Anger & Relationships

Happy Monday to you!

One of the aims of this website is to let love abound. How can we address the issue of loving others properly without writing a post about anger? Yes, you read correctly. This post is about being angry. It happens to the best of us. Has your husband ever forgotten to do a chore you asked him to complete weeks ago? Has your child ever broken a house rule? Have any of your friends betrayed your trust? If so, then you know how it is to be really upset.
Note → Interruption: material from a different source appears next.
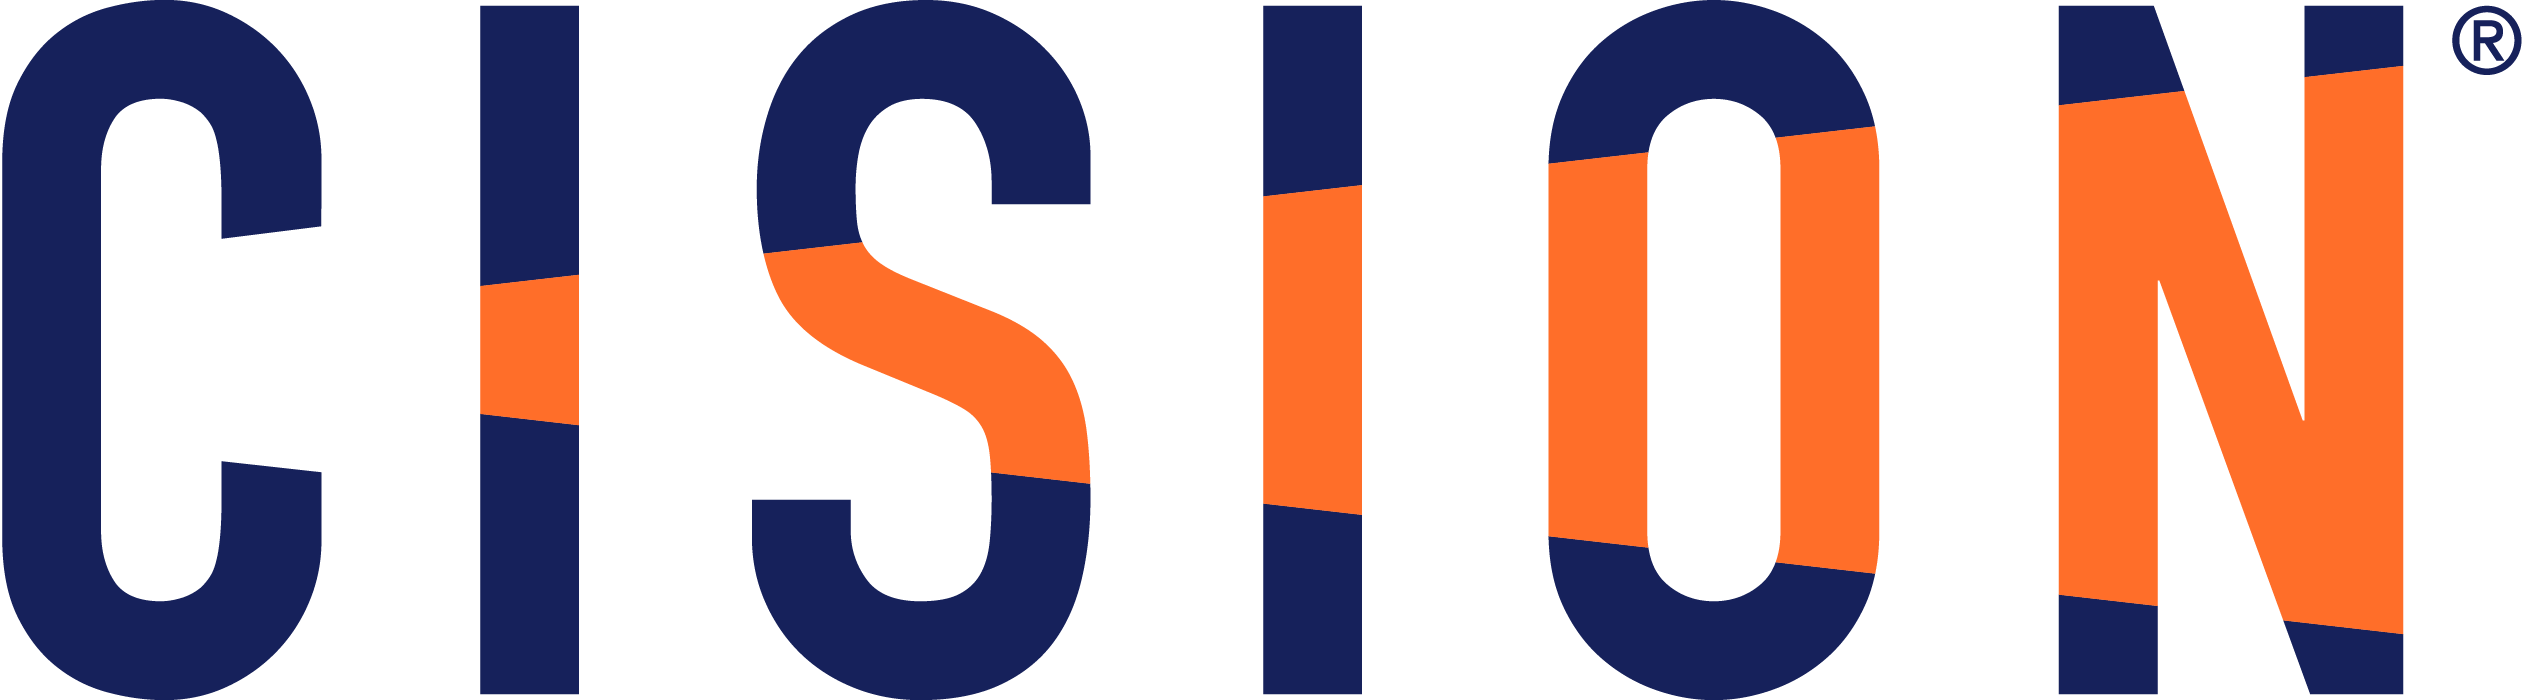 2023-Cision-Logo-Navy-Orange.png

In order to sustain a loving relationship with anyone, you have to understand two things. One, it is okay to become angry. Two, it is NOT okay to allow your anger to dictate your actions. Anger is an indication of disappointment of some sort. Anger is NOT a license to mistreat any human being, including the ones who upset you. Anger is your cue that there is a problem that requires a solution. Anger is not your cue to wreak havoc and exacerbate the problem.

So, you have to identify the cause of your disappointment. Recognize the humanity of the one who let you down. Approach any subsequent dialogue or interaction with that person with an understanding that you are human too. In other words, you also have moments of error. Express your disappointment and not your wrath.

If your husband puts aside a chore for weeks that doesn't give you a right to berate him. If your friend dishonors you, do not shame him or her. If your family member or loved one acknowledges the offense and seeks forgiveness, forgive. If he or she discontinues the hurtful action and shows consideration, hold no grudge nor resentment. If he or she continues the hurtful action, do not repay wrong with wrong. Continue to think, speak, and act from a place of love. If you act mercifully toward others, the Lord will act mercifully toward you. 



Ephesians 4:26-27 Be ye angry, and sin not: let not the sun go down upon your wrath: Neither give place to the devil.